• **How to complete this task**:
Only the tail of the listing is wanted: the line containing "Шампуры угловые 60 см в чехле, 6 шт угловые" and all after it, repeated exactly, pictures omitted.

• **Collected material**:
──────────
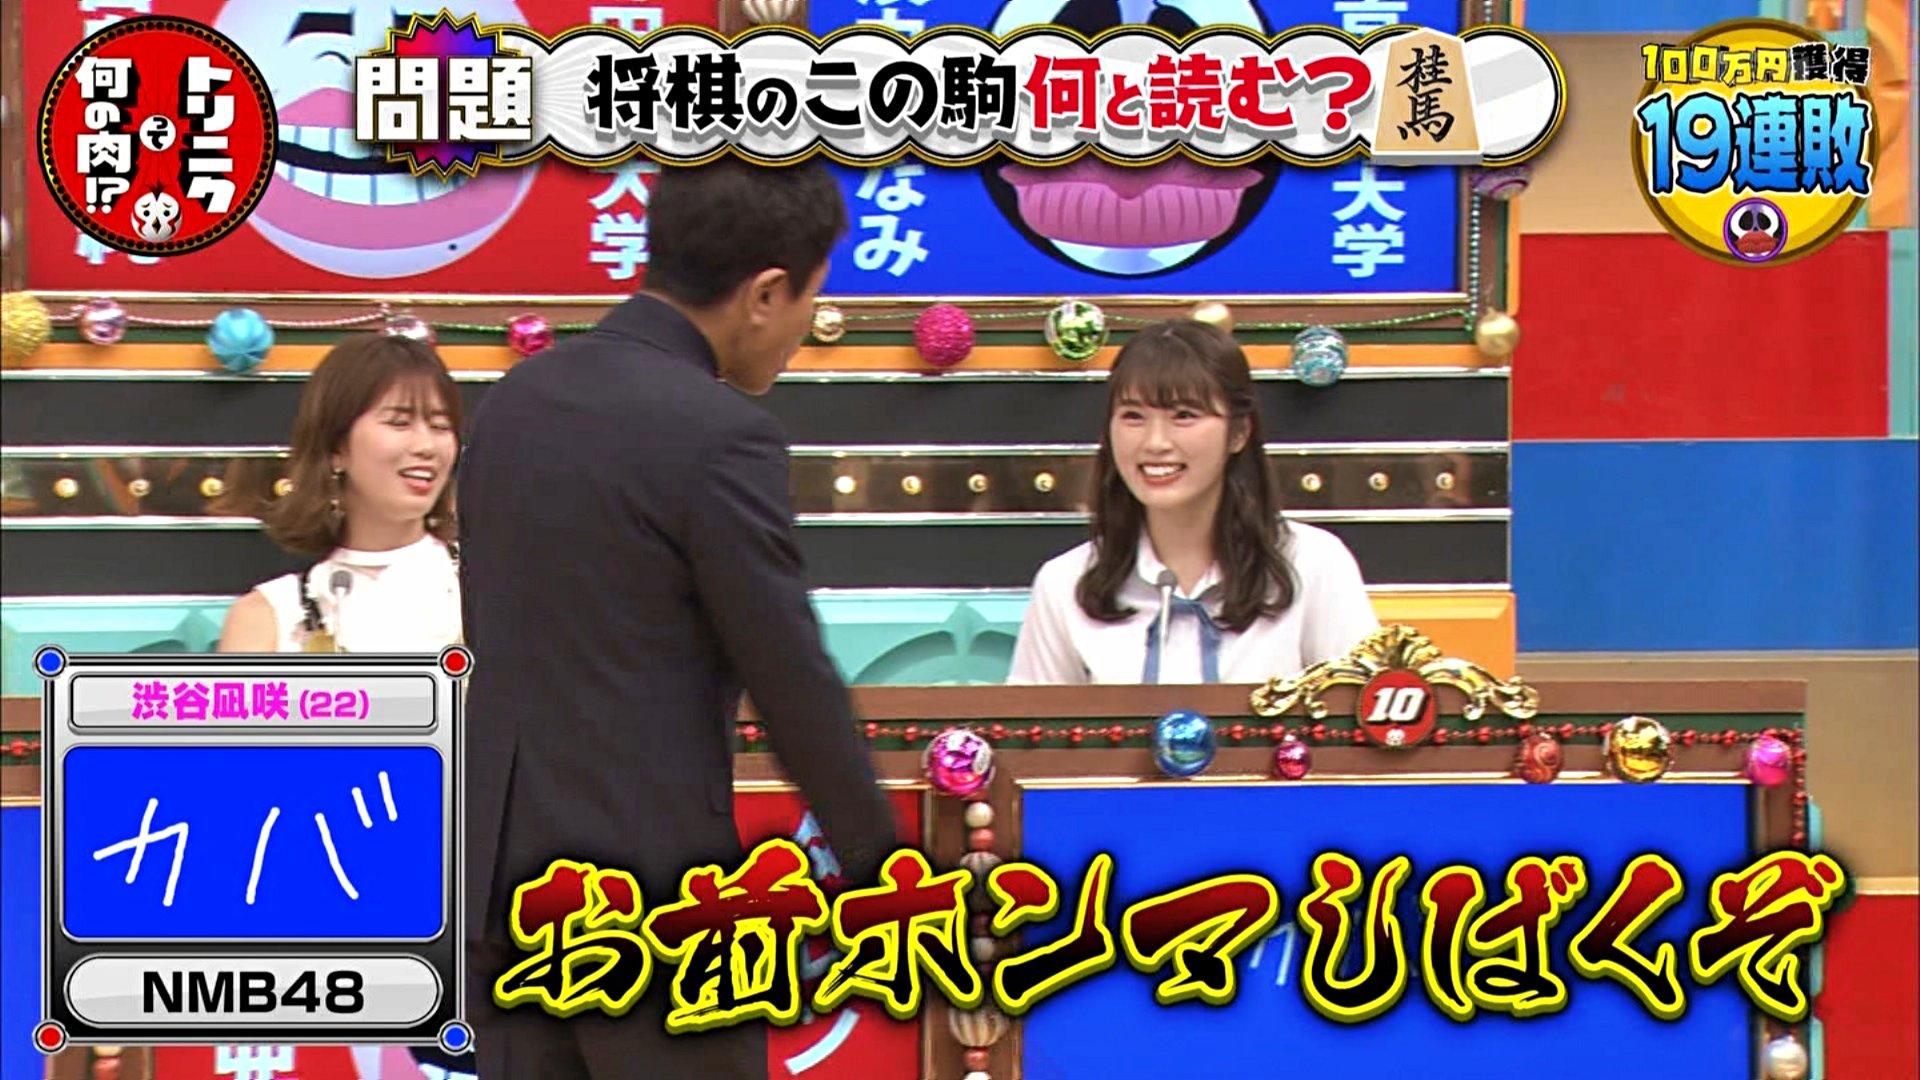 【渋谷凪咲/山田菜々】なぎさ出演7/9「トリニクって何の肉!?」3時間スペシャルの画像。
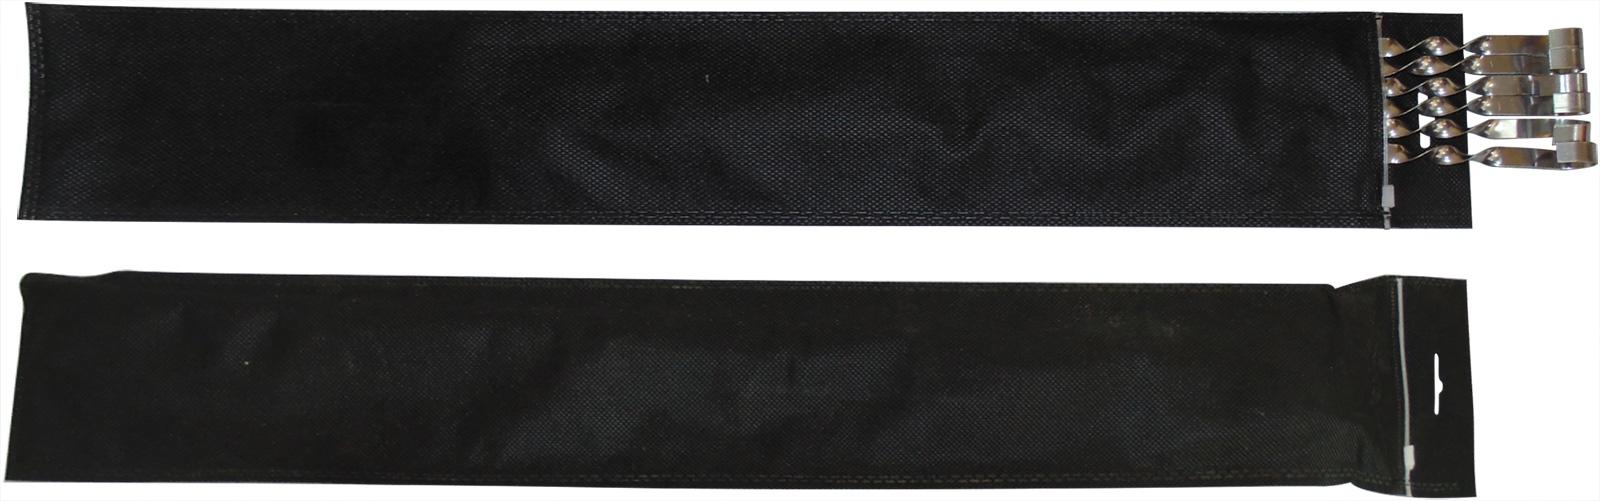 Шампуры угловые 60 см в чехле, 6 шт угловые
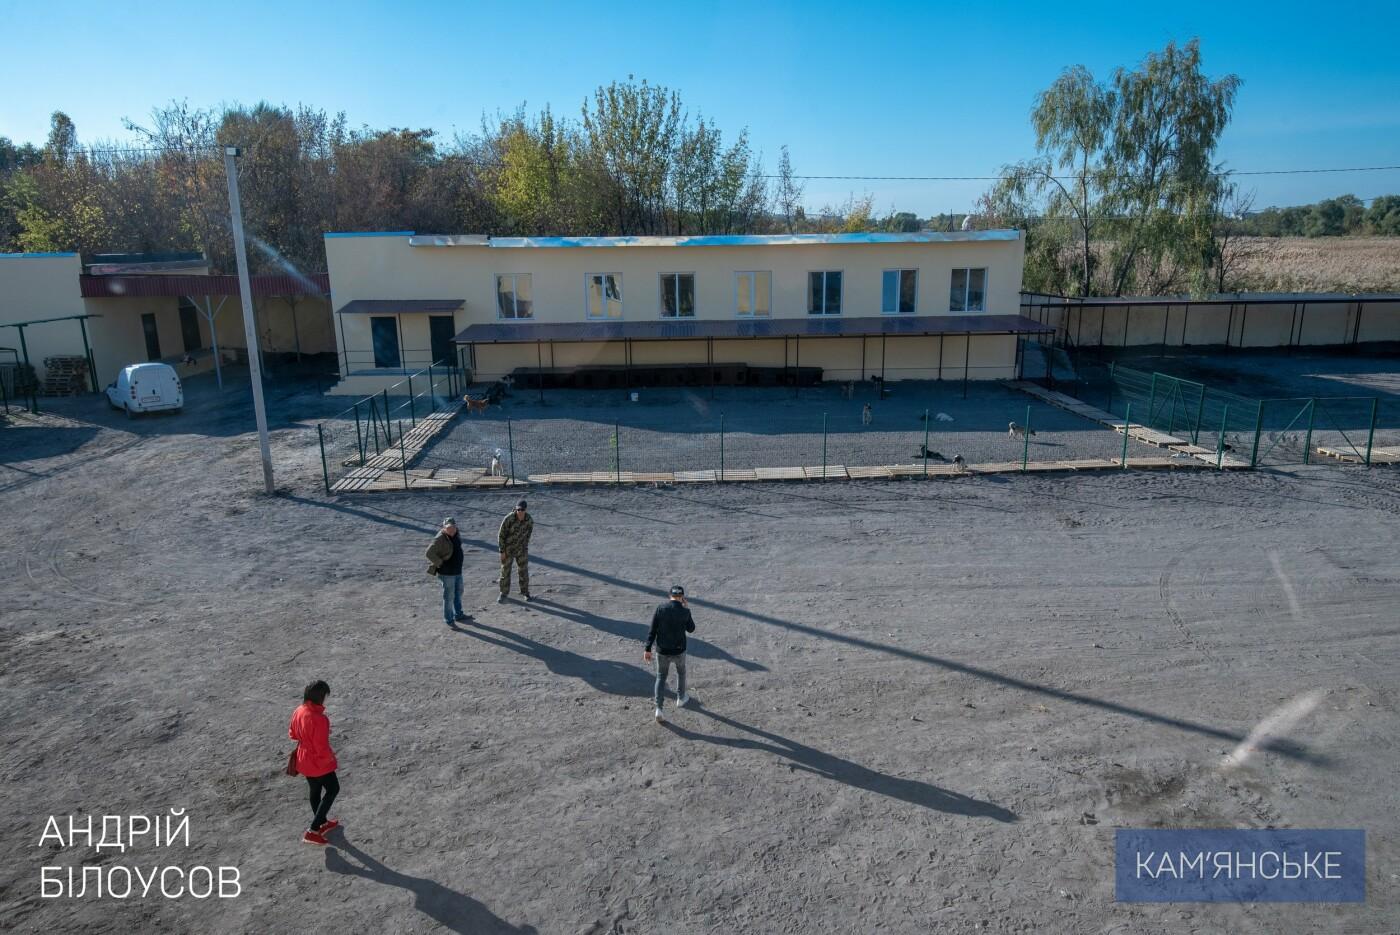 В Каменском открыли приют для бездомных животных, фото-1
──────────
• **Answer to this problem**:
 Шампуры угловые 60 см в чехле, 6 шт угловые
 В Каменском открыли приют для бездомных животных, фото-1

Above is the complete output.